Frequently Asked Questions

To determine the spectral overlaps of varied fluorochromes please visit the Spectrum Viewer pages in the Helpful Links page. There you will be able to pick fluorochromes from a list and compare their excitation and emission wavelengths to get an idea if they are compatable. Fluorochromes whose emission peaks completely overlap can't be used together on our instruments, GFP and FITC for example. If you are still stumped, feel free to contact us regarding your choices.

Under ideal circumstances one million cells per tube for analytical experiments is standard. Under many situations you may not have the luxury of that many cells for each of your controls and experimental samples. The minimum number of cells required is going to vary based on your needs, for very simple experiments you many only need tens of thousands of cells. Multicolor experiments that subset out small percentages of cells may require several million cells per tube in order to acquire appropriate numbers of the target populations. You'll want to have a minimum of 300 ul volume in your samples.

When you think controls, you need to separate your thoughts into Set-up Controls and Experimental Controls. Set-up Controls consist of samples needed to balance out the different fluorochromes and to choose starting baseline voltages if you are not using optimal PMT voltages. To properly compensate for your experiment you will need to bring an unstained Control (your cells with NO fluorochromes) which we may not include in your set-up but will want to see, and then a Single Color Control for each fluorochrome that you are using in your experiment. The instrument is set up using these controls for compensation; without them we would be guessing at these critical settings. These controls are manditory and you will need them every time you set up your experiment. Experimental Controls would be determined by the individual user, as in a Positive and Negative control, Stimulated vs. Unstimulated, etc. We can help you with these experimental design questions if you need help.

Yes. We get called on to set-up the instruments without these controls at times. In these circumstances it is our policy to inform the investigator that we are no longer doing science, we are setting the instrument so the data looks a certain way based on our expectations and experience. Results from these experiments are invalid and need to be repeated with the proper controls, any conclusions drawn under these circumtances are highly suspect at best. If you are going to spend the time and considerable money required for flow cytometry experiments please take these steps to make your data meaningful.

Yes. Even though the instruments are QC'd on a daily basis to measure stability and insure we can provide researchers with platforms for reproducible data, there are always small differences in the instruments and more so in your experimental set-up each day. Under proper set-up you will notice small changes in instrument settings from day to day, so small that you might conclude that Set-up Controls aren't really that important everyday. This is faulty logic, when you see differences in your Control Sample compared with your Experimental Samples, you'll want to be sure it's really due to your design, and not due to some errant fluctuation or improper set-up.

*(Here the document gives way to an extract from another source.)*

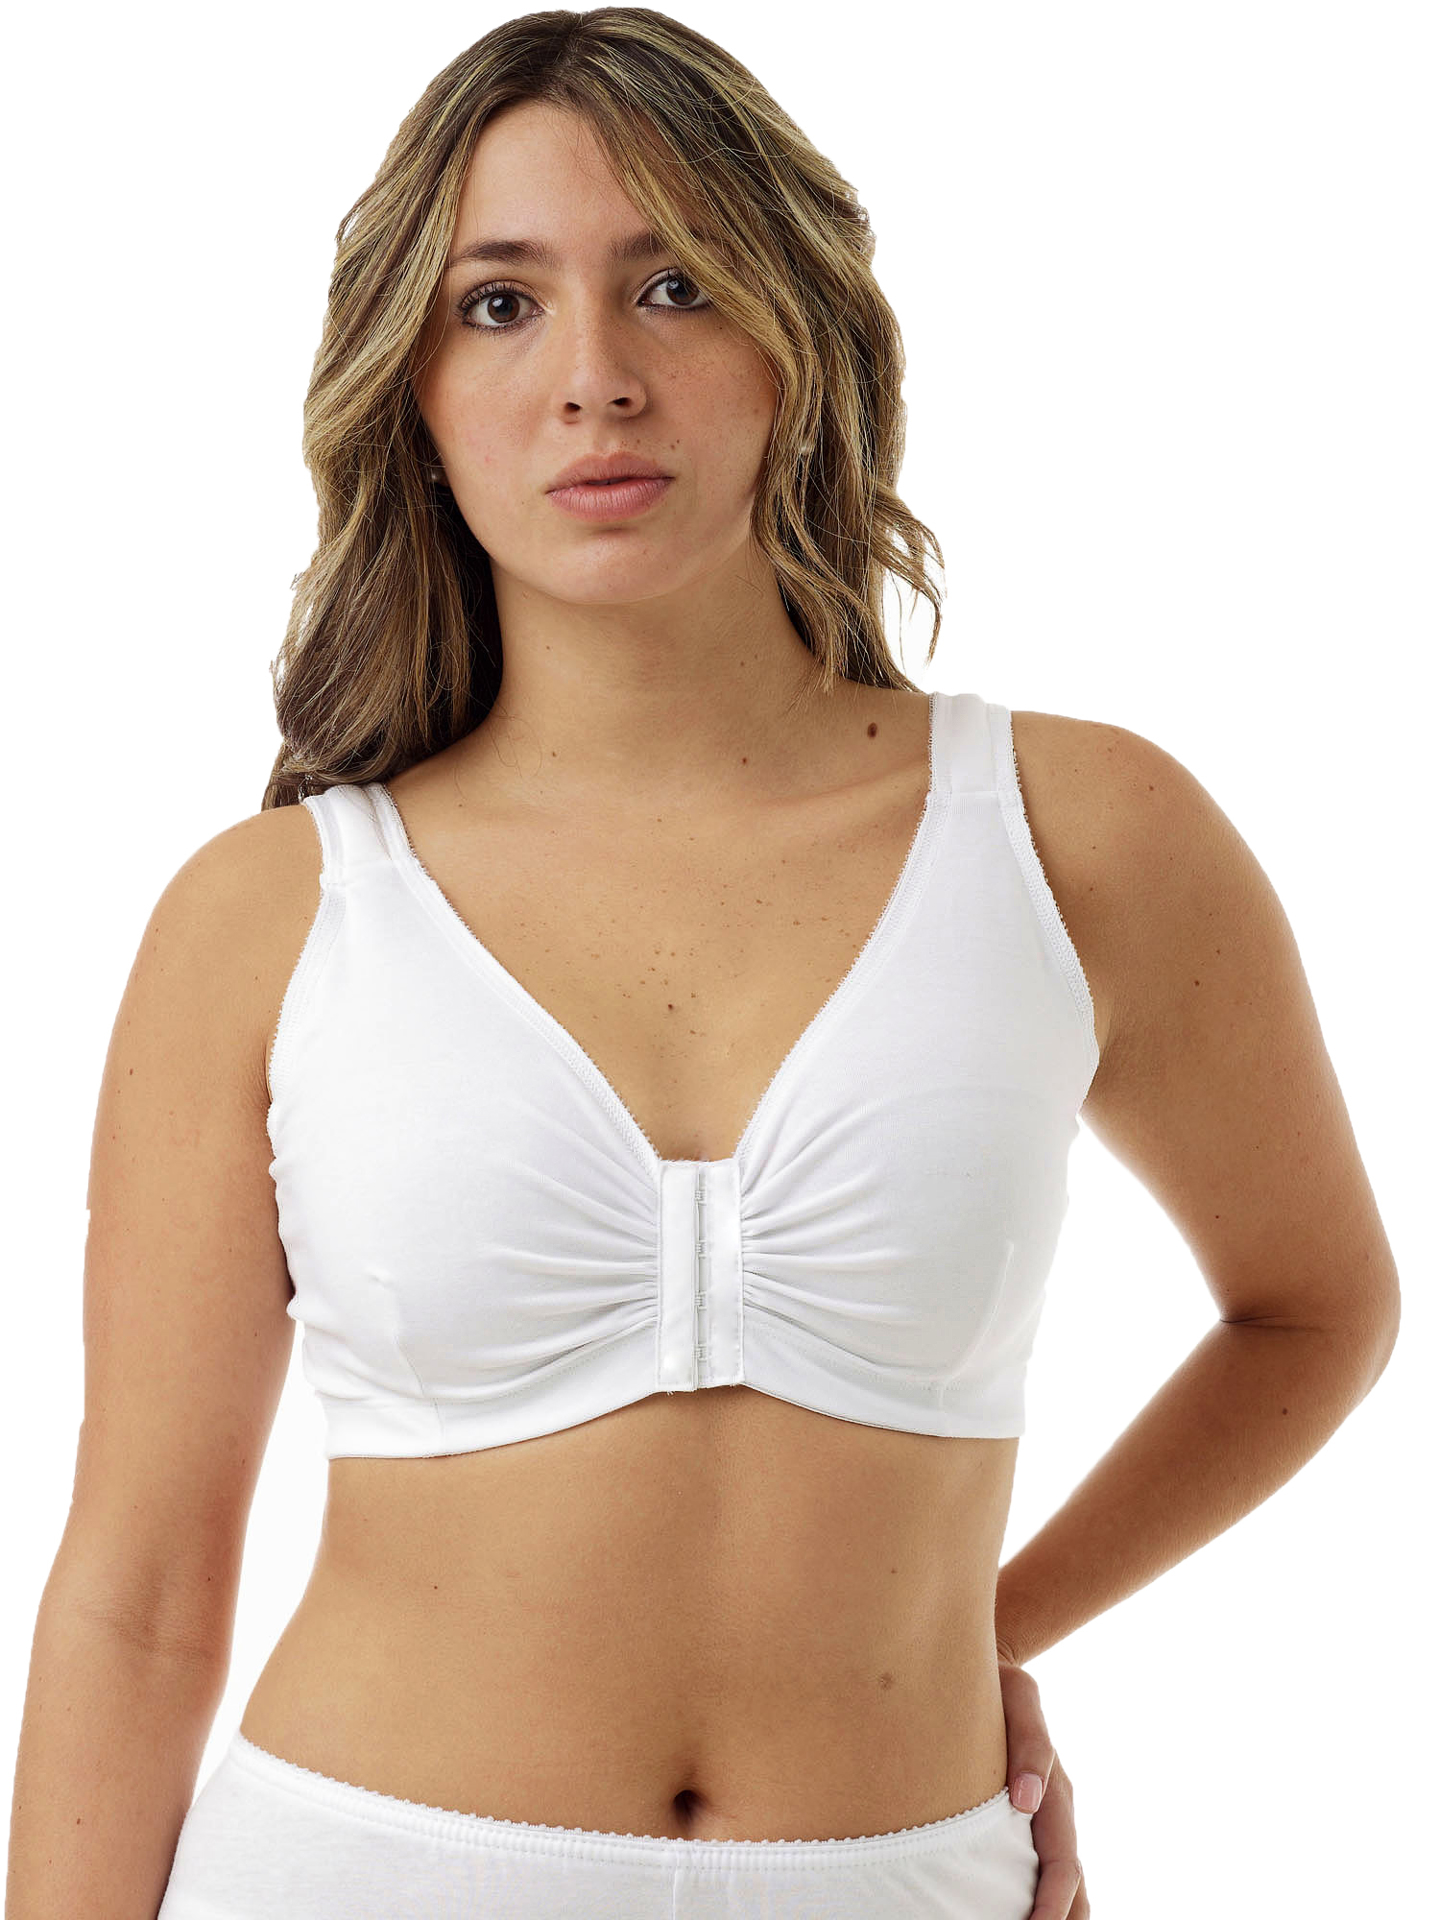  Disposable bra for body freeze treatment

The answer to this question will vary greatly. You can make some rough estimates that should put you in the ballpark. For the typical low pressure sort with the 100 um nozzle you can estimate that we'll run a threshold rate of about 3000 cells/second, this translates to about 10 million cells in one hour. For the typical high pressure sort with the 70 um nozzle you can estimate around 20,000 cells/second, translating to around 70 million cells in one hour. These estimates are conservative and speculative, we'll make adjustments to the rate of cells/second based on the efficiency and quality of the sort in relation to each investigators needs and the situation.

We will choose the nozzle size for your particular sort. This will depend on the size and characteristics of the cells more than anything else. The nozzle size should be about four to five times that of the cells that are being sorted. For sorts targeting most lymphocytes we'll probably run the 70 um nozzle. For larger cells we'll probably choose the 100 um nozzle. Increased pressure and the smaller orifice of the 70 um nozzle will expose your cells to a slightly harsher environment, albeit very briefly. If you cells are more delicate, we might choose the 100 um nozzle regardless of their size.

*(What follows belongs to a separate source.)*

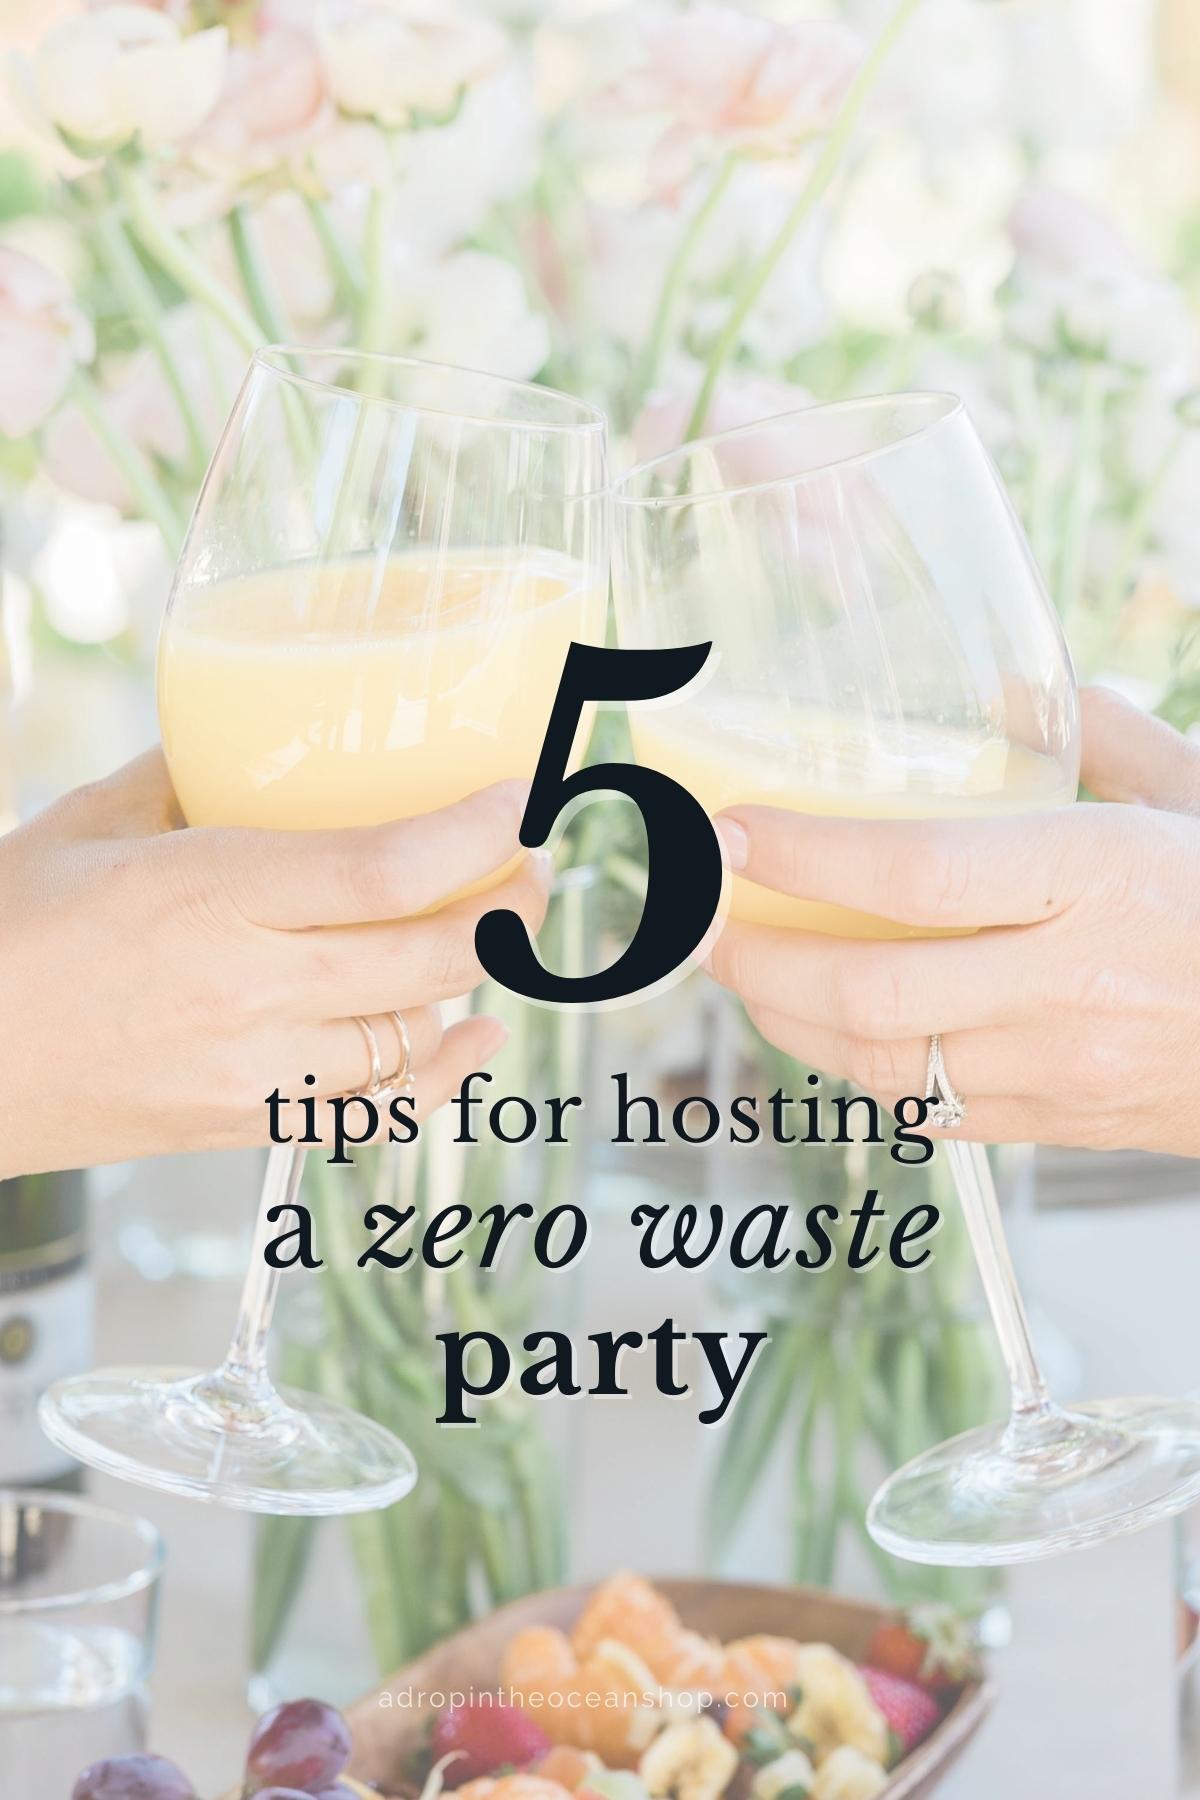 A Drop in the Ocean 5 Tips for Hosting a Zero Waste Party

We hope so. Please bring all of the information you have regarding older experiments to help us try to track them down, and please be understanding that we might not be able to drop everything we are doing and find your data that instant. We will do everything we can to find your data. It should be noted that our data policy states that we will maintain your data for 48 hrs. for you to archive it on your own lab's devices. No data is guaranteed past 48 hours but there is a chance we have a copy of your data archived.

You will be billed for the amount of time you sign for unless you go significantly over your time and if you use much less than you signed up for we *may* decrease your time. Five to 10 minutes over your original time is not a big deal unless you have someone scheduled immediately following you (which is usually the case). This is based on a case by case basis but we'll be understanding for occasional issues that come up regarding this.